-- ENTRIES SUPPLIED follows --

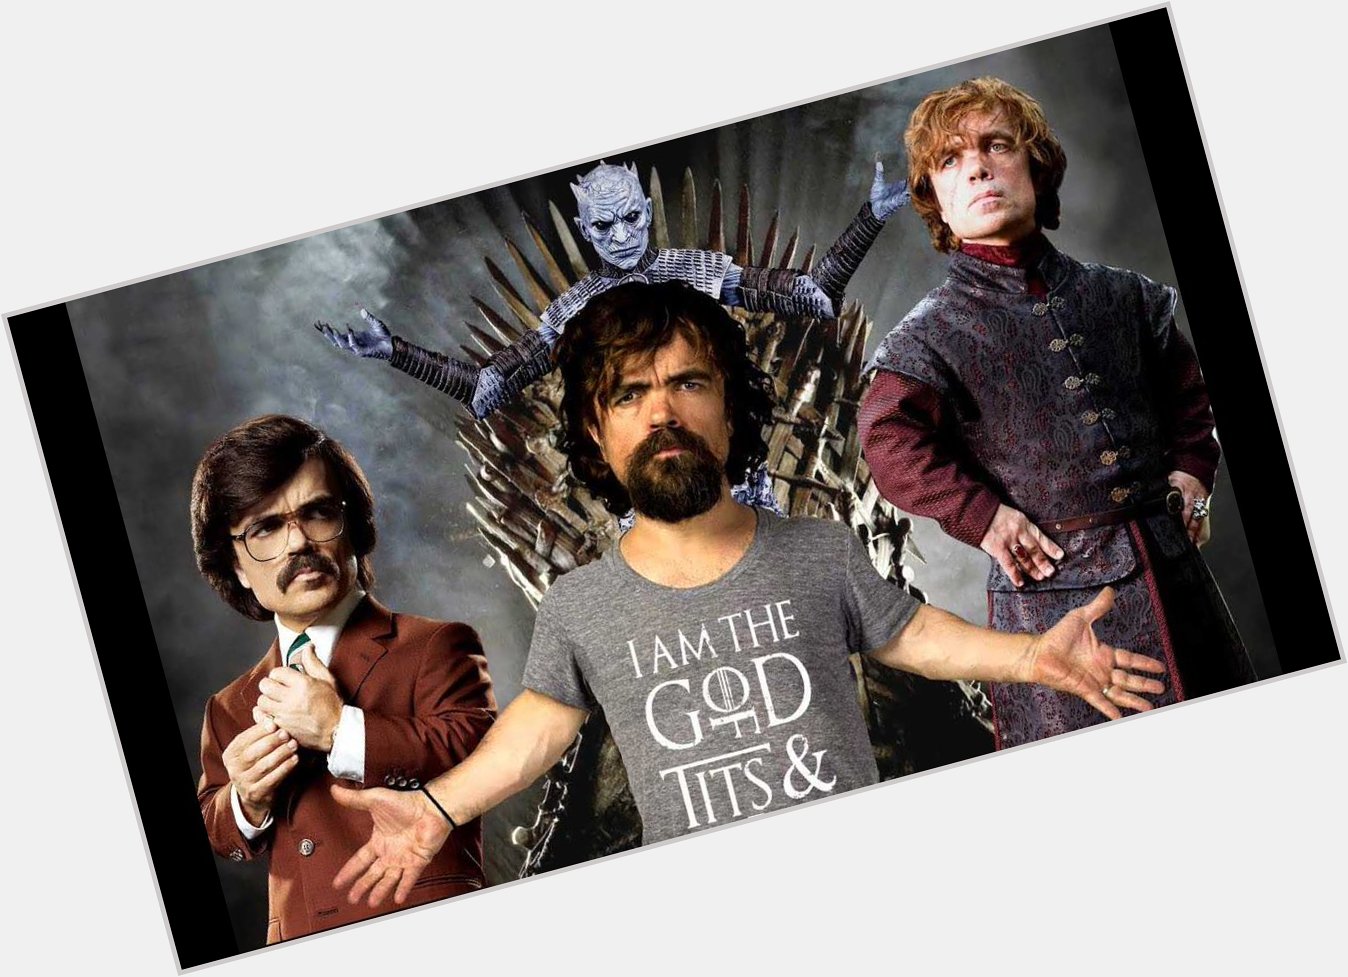 Happy 52nd birthday to Peter Dinklage! 
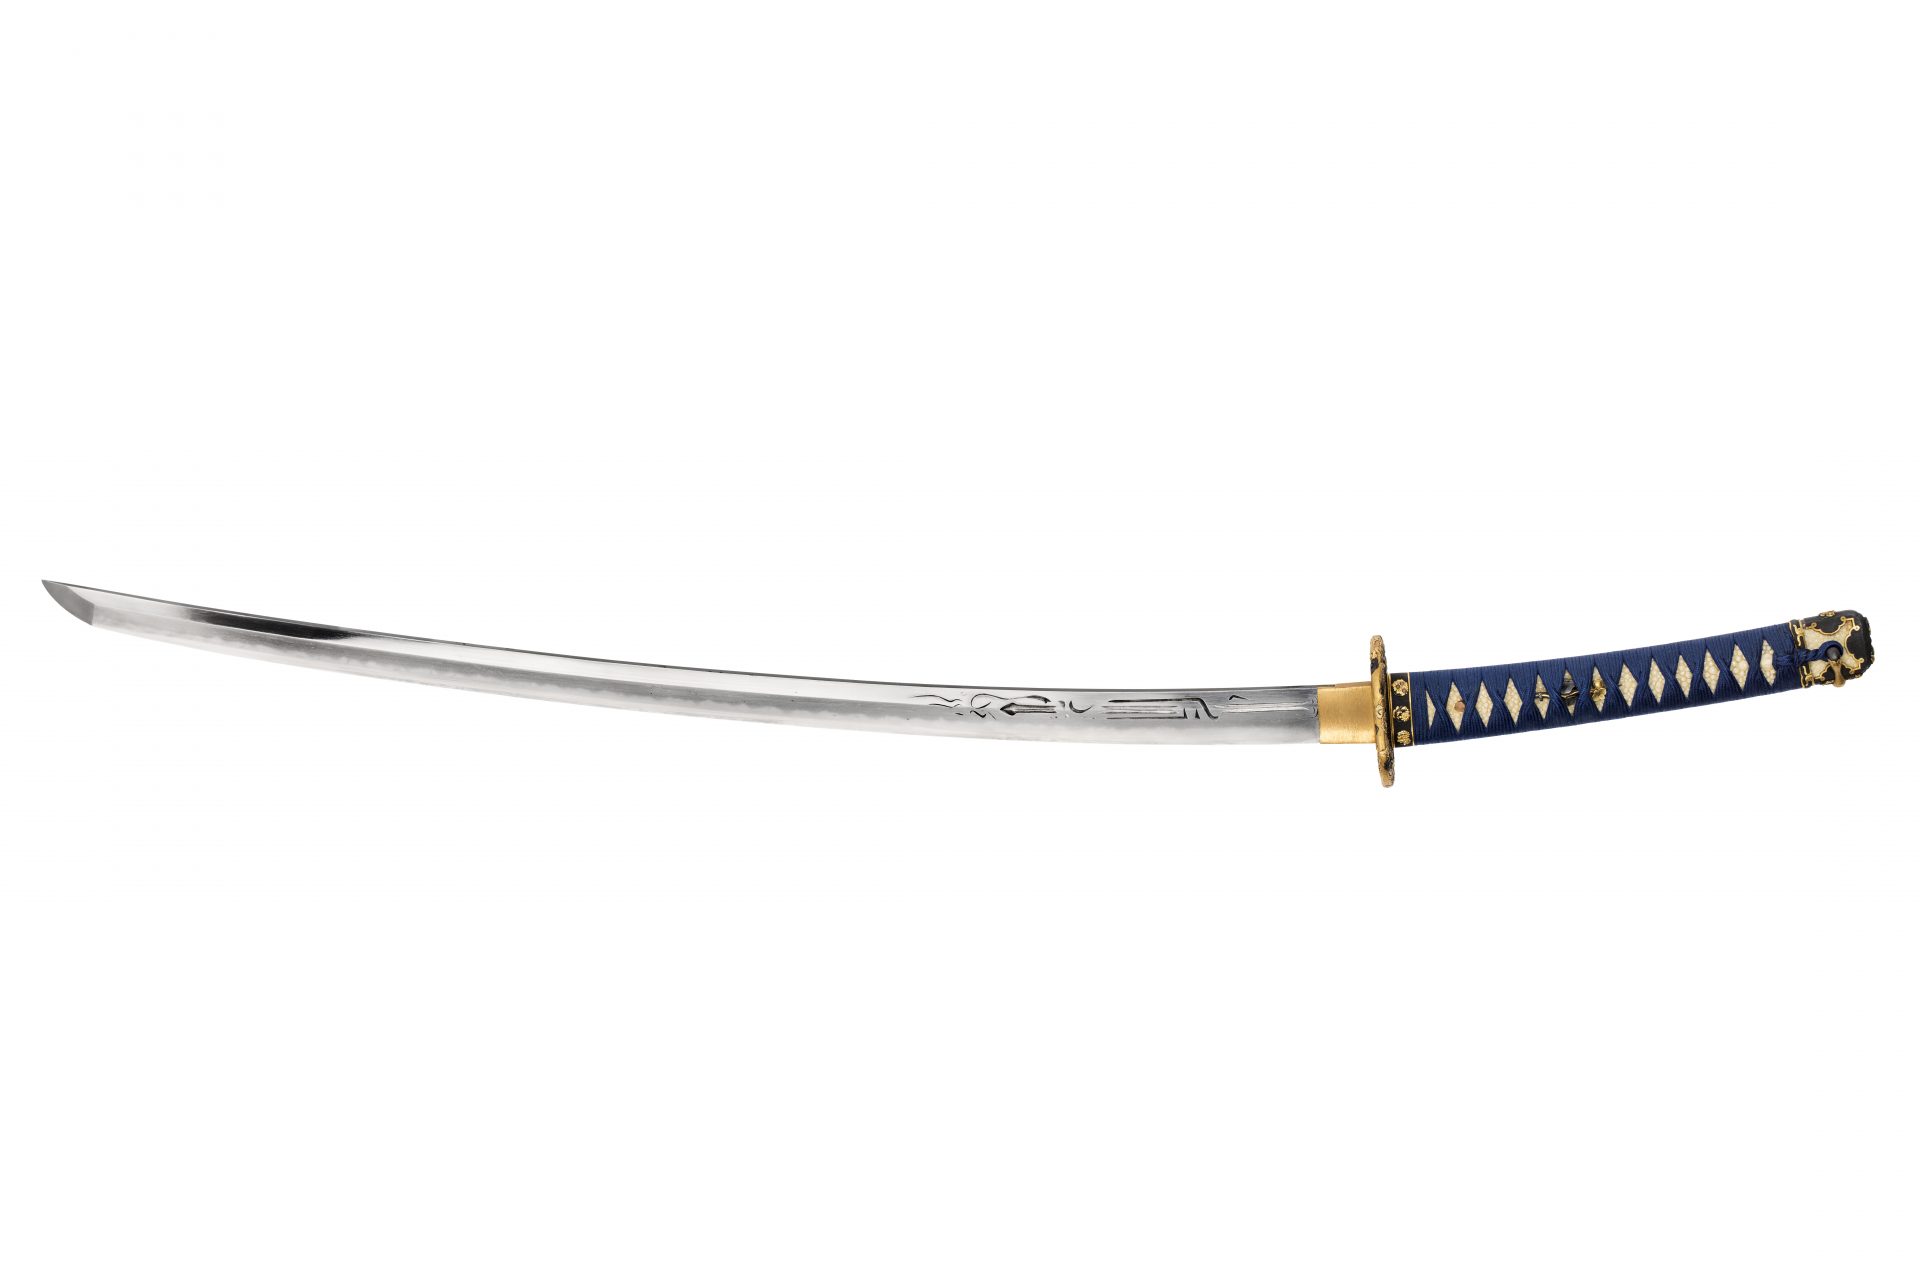 A long sword with a blue handle.
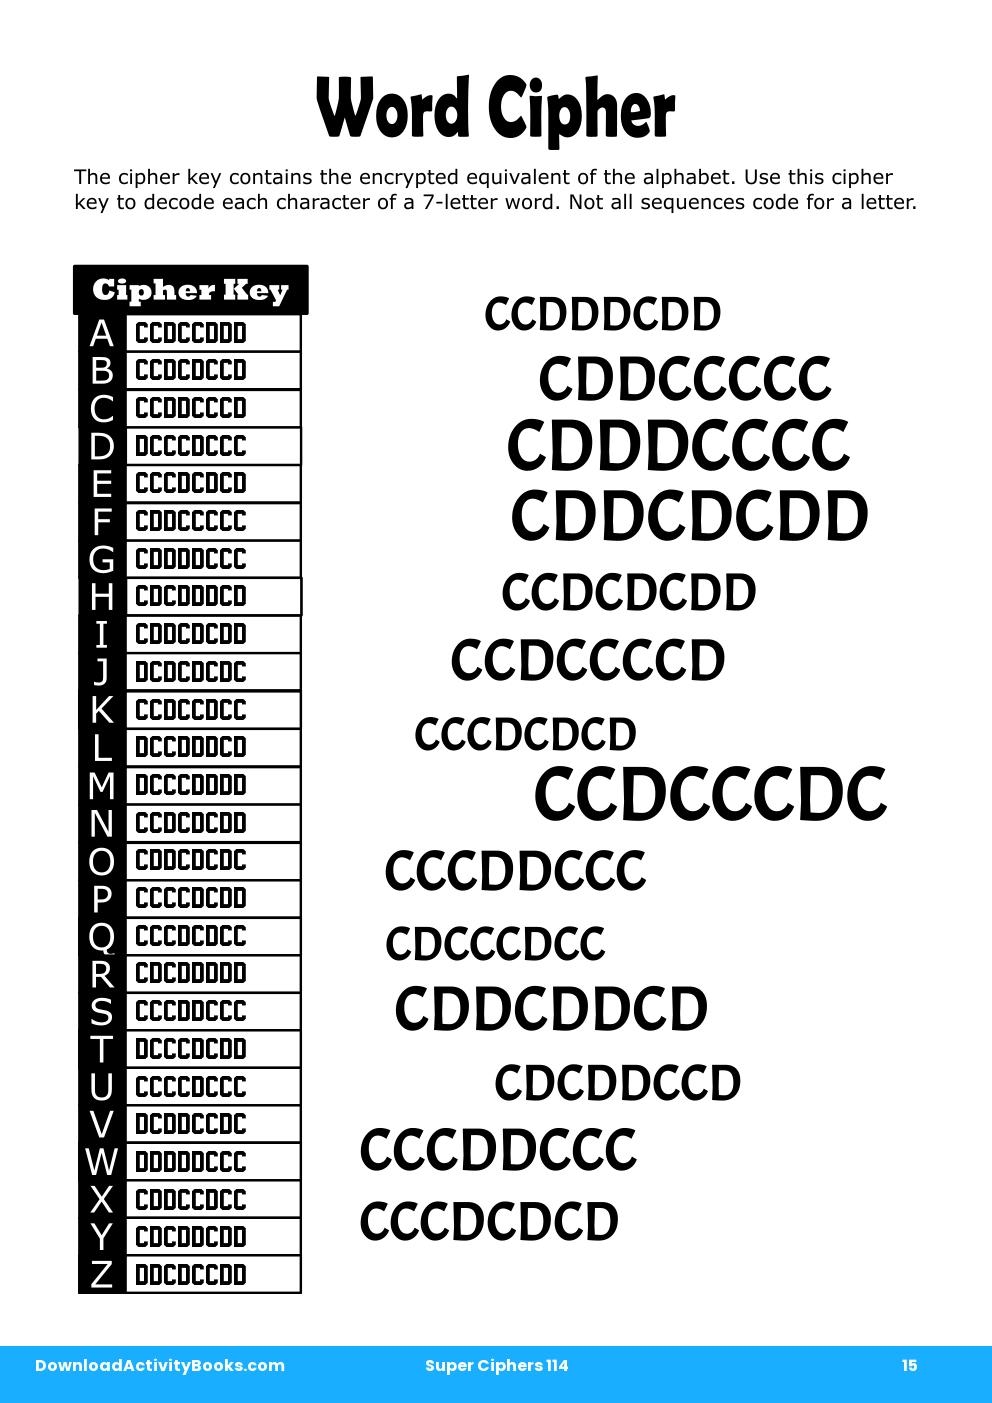 Word Cipher in Super Ciphers 114
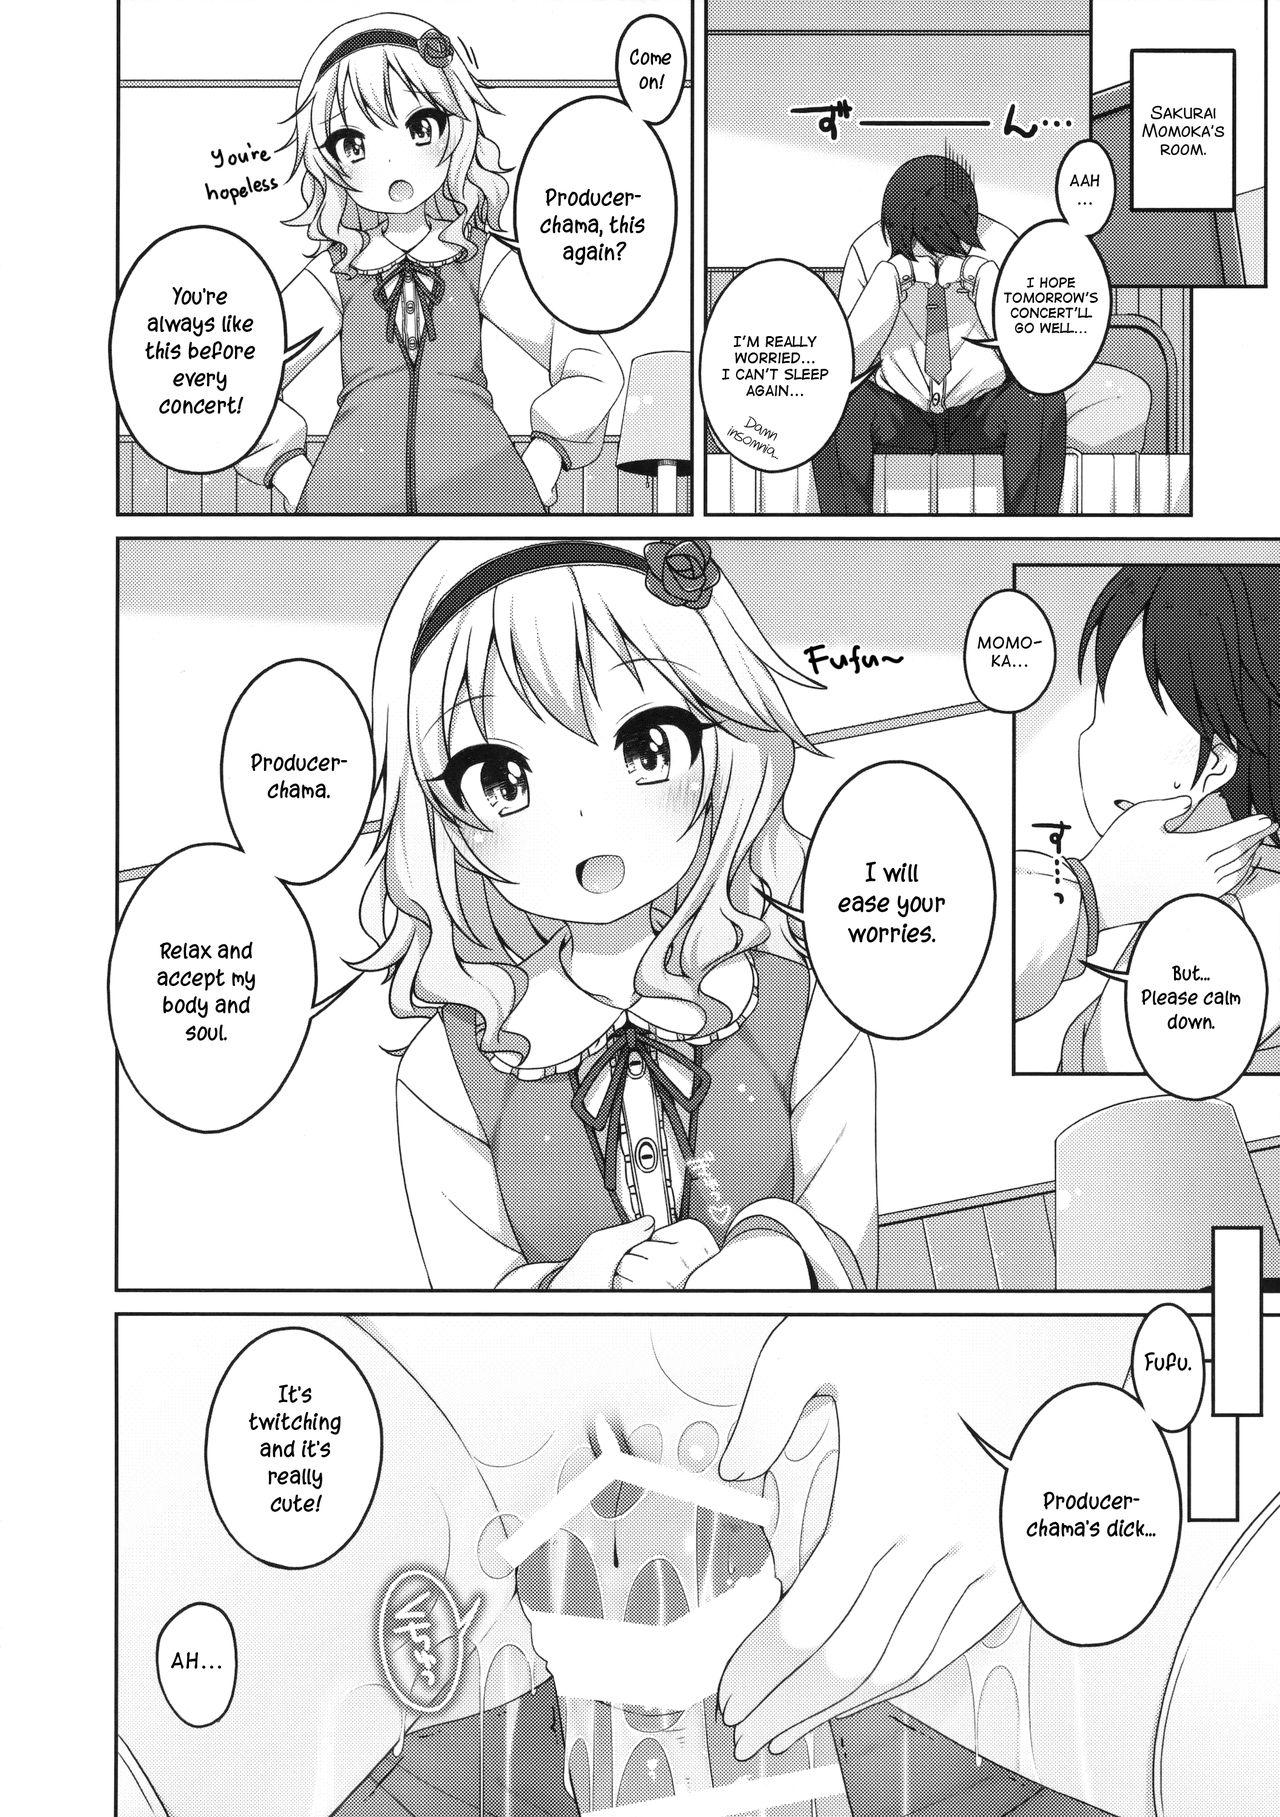 Anale Live no Mae no Hi wa | The day before the concert - The idolmaster Fake - Page 7
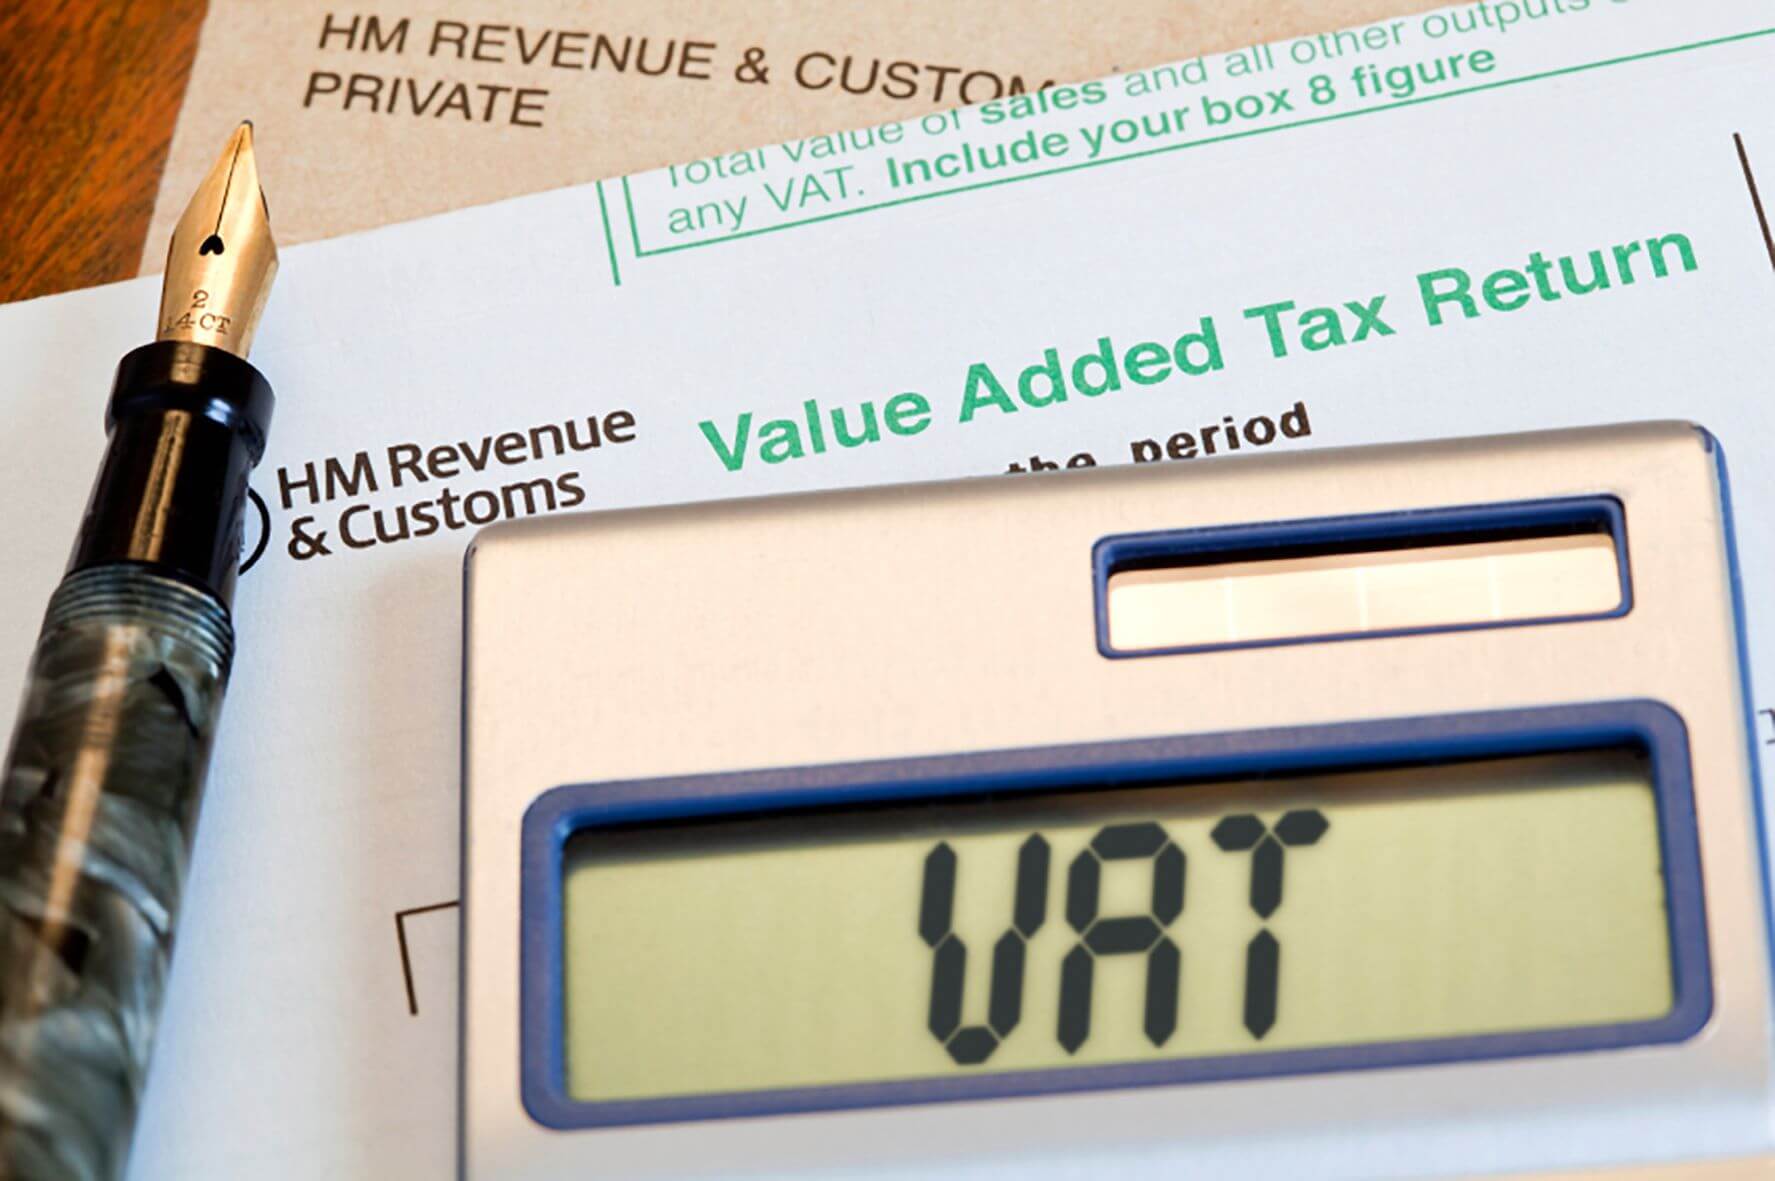 How to calculate the value added tax included and not included

-- ENTRIES SUPPLIED concluded --

## WHAT TO WORK ON
Pictures stay out of this copy. Retype exactly the lines from the one with "Word Cipher in Super Ciphers 114" through the last line of the data, both ends included, and nothing more.

## ANSWER TO THIS EXERCISE
 Word Cipher in Super Ciphers 114
 Anale Live no Mae no Hi wa | The day before the concert - The idolmaster Fake - Page 7
 How to calculate the value added tax included and not included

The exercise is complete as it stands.